Mai prima d'ora così tanti sistemi di monitoraggio automatico sono stati installati in un unico posto e mai prima d'ora abbiamo avuto una tale ricchezza di dati da esplorare!

 

Visione ingrandita: Fig. 2: Numerose persone hanno contribuito al successo della campagna di misure in parallelo. Nella foto l’équipe che si è occupata di smantellare gli strumenti alla fine del periodo di misurazione. Foto : Fiona Tummon
Fig. 2: Numerose persone hanno contribuito al successo della campagna di misure in parallelo. Nella foto l’équipe che si è occupata di smantellare gli strumenti alla fine del periodo di misurazione.
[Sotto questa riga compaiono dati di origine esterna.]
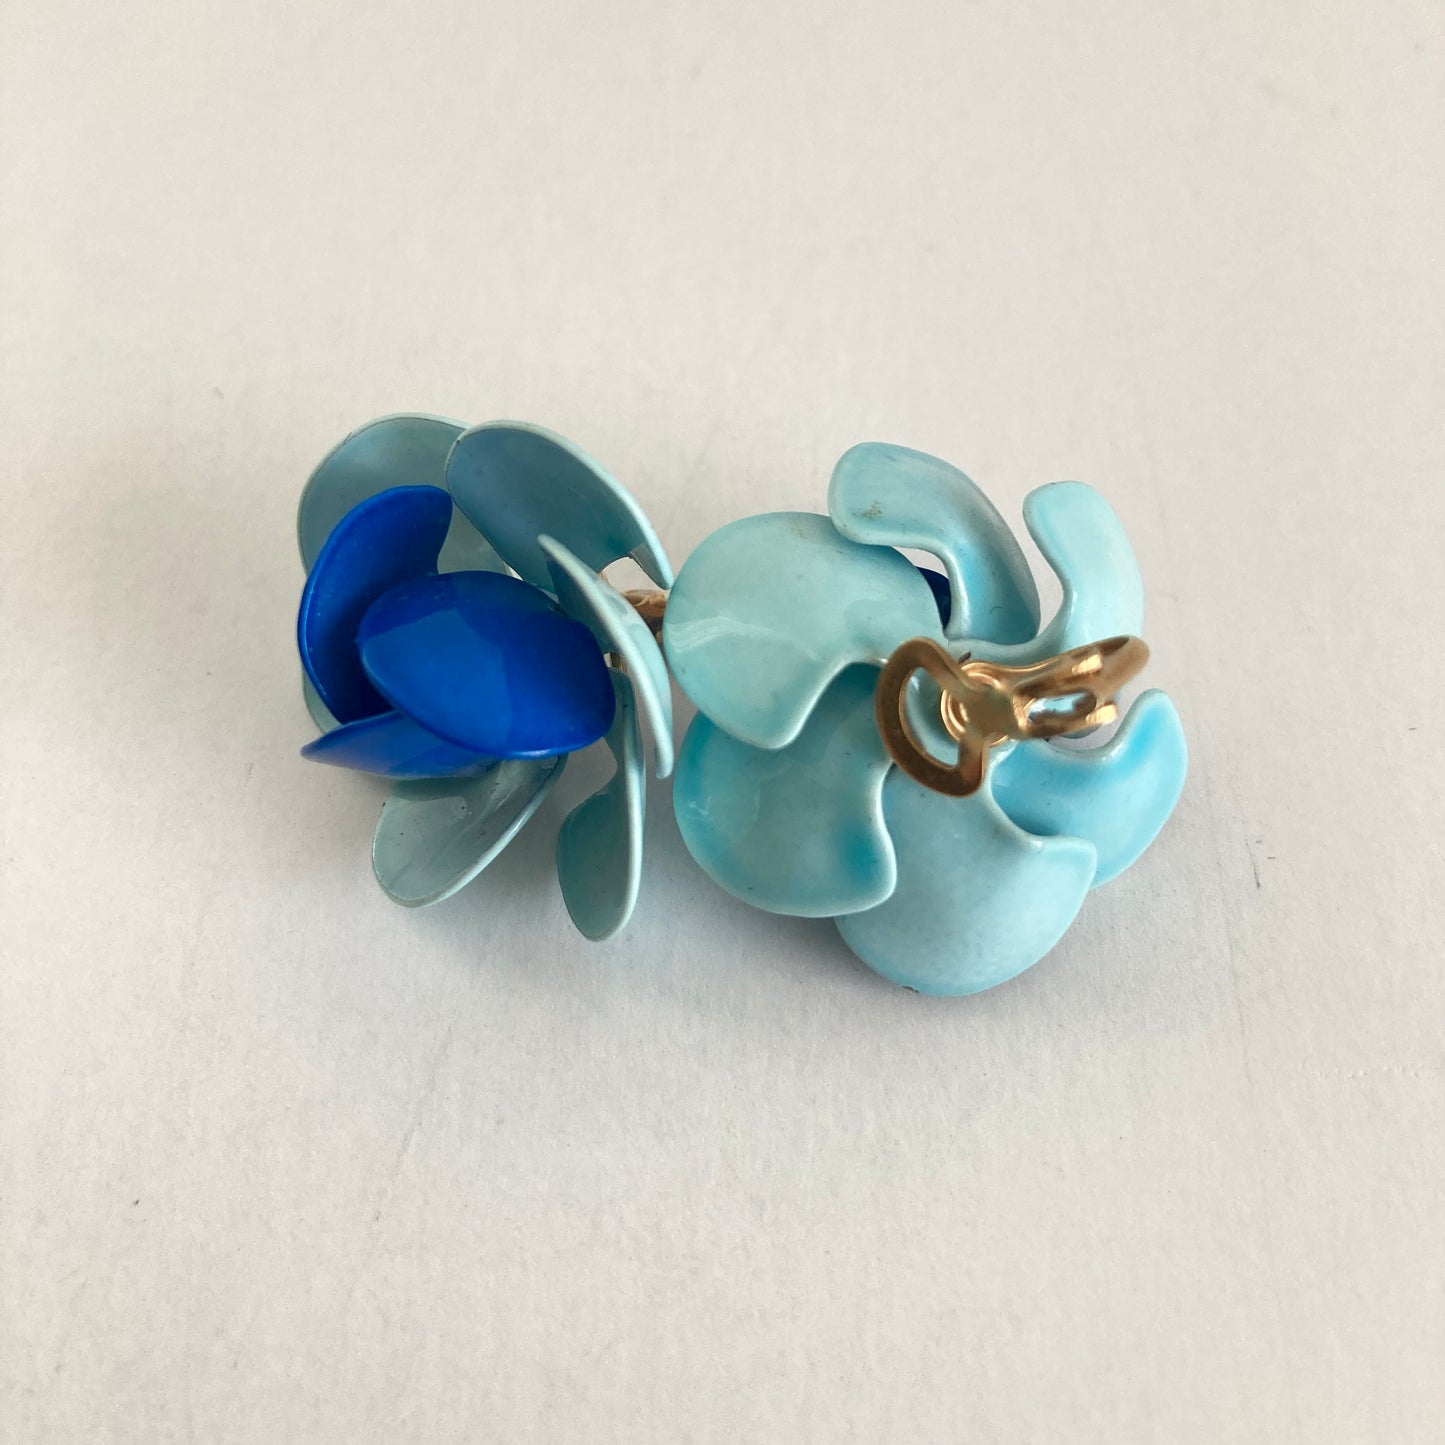 Two Tone Blue Enamel Flower Earrings Clip-on Style

Foto : Fiona Tummon

Commenti (1)

  1. Giovanni, 25.08.2021, 08:07

    Questo blog appena pubblicato, corrisponde a pieno titolo alla definizione, lavoro svolto a REGOLA D’ARTE. Primo per l’impegno dei tecnici che hanno installato e raccolto i dati relativi per la definizione degli allergeni, secondo chi lavora per la salute umana, che sia di qualunque nazione merita incondizionatamente la stima e la gratitudine. Anche un semplice raffreddore ha i suoi costi sociali senza contare le ricadute per patologie più serie. Perciò, cari amici ticinesi, un vero grazie di cuore.